(EXERCISE REQUIREMENTS) Reproduce the listing below exactly. Pictures do not belong in the copy.

── SOURCE DATA

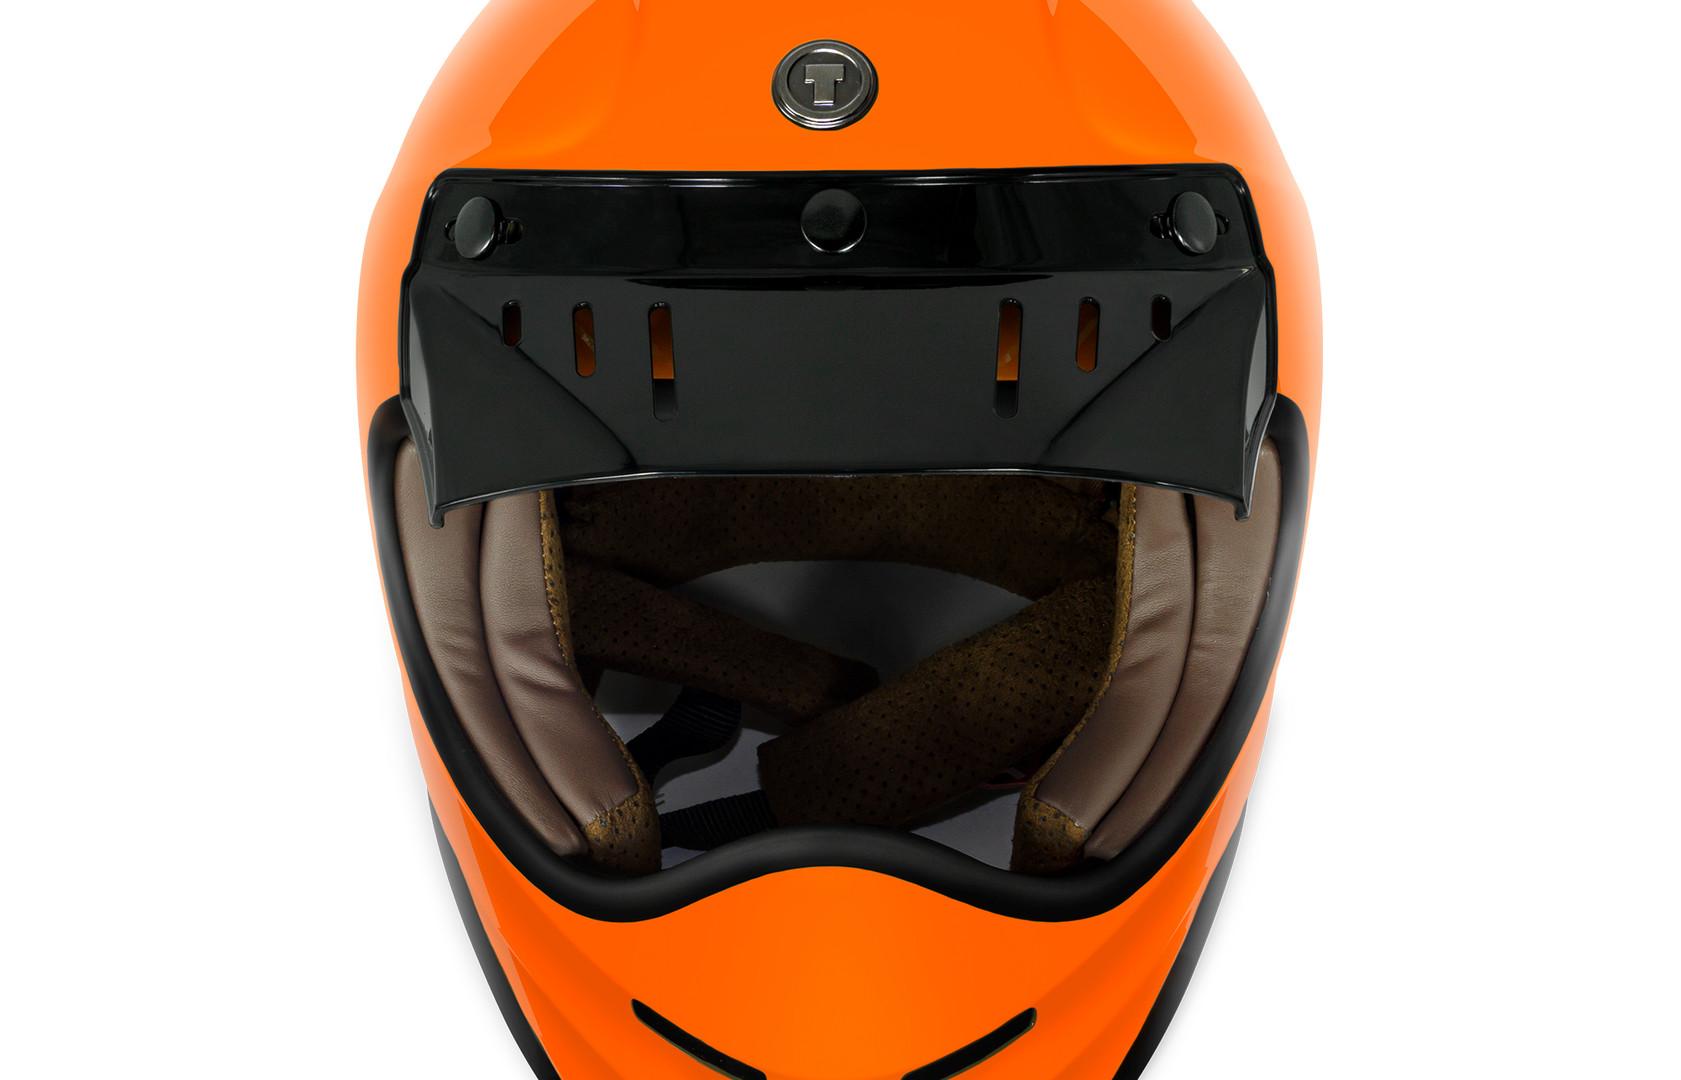 T3_Orange_Visor3.jpg
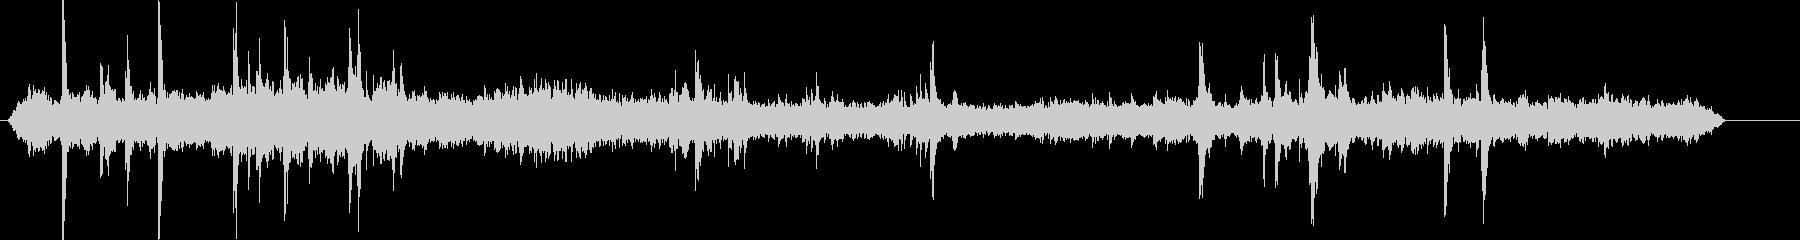 チリカフェ-声の未再生の波形
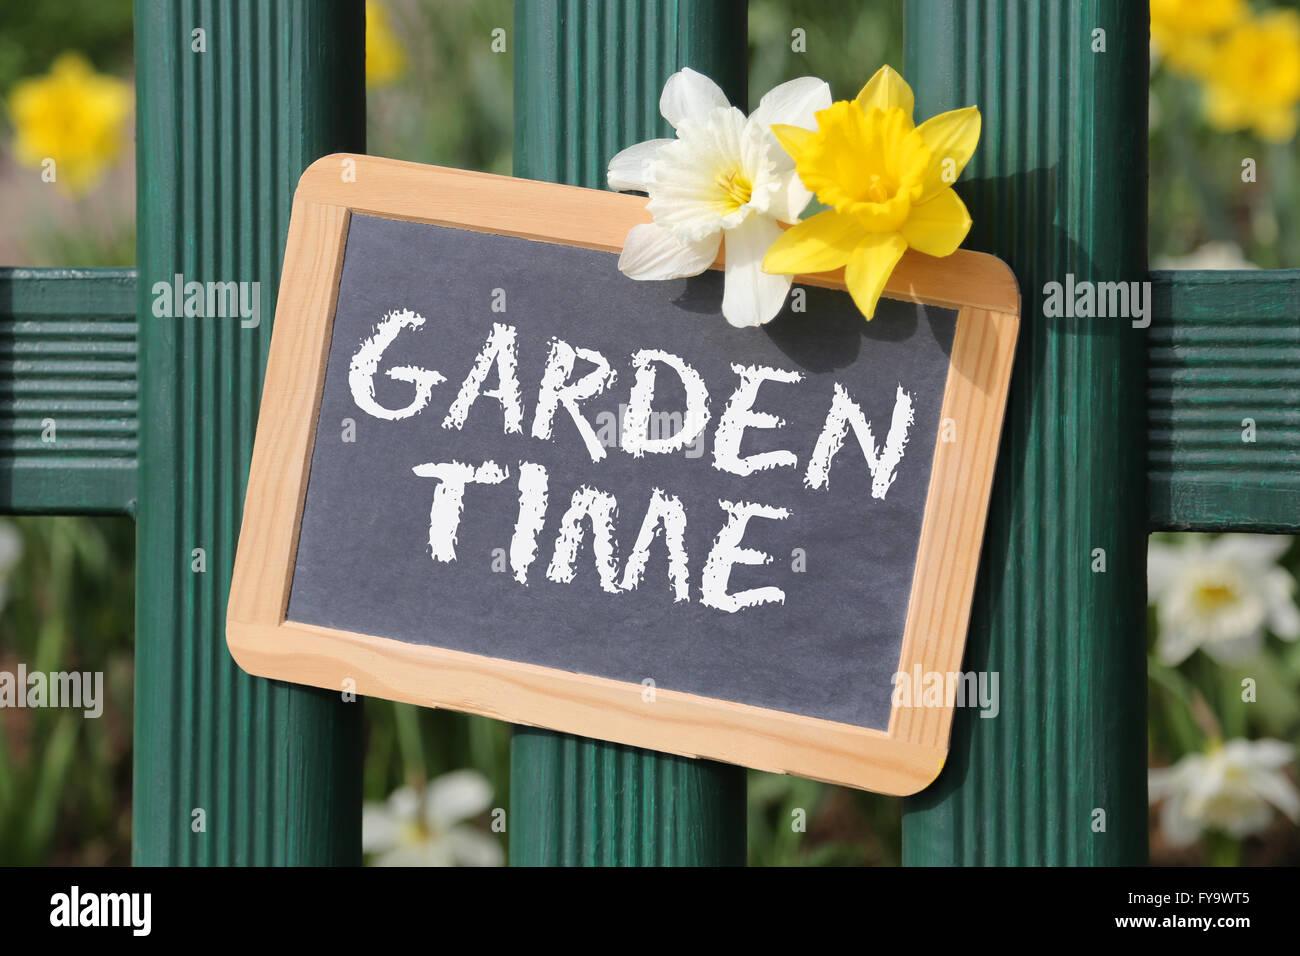 Tempo di giardino con fiori fiore primavera segno bordo sulla recinzione Immagini Stock

────

(ANSWER AREA)
 T3_Orange_Visor3.jpg
 チリカフェ-声の未再生の波形
 Tempo di giardino con fiori fiore primavera segno bordo sulla recinzione Immagini Stock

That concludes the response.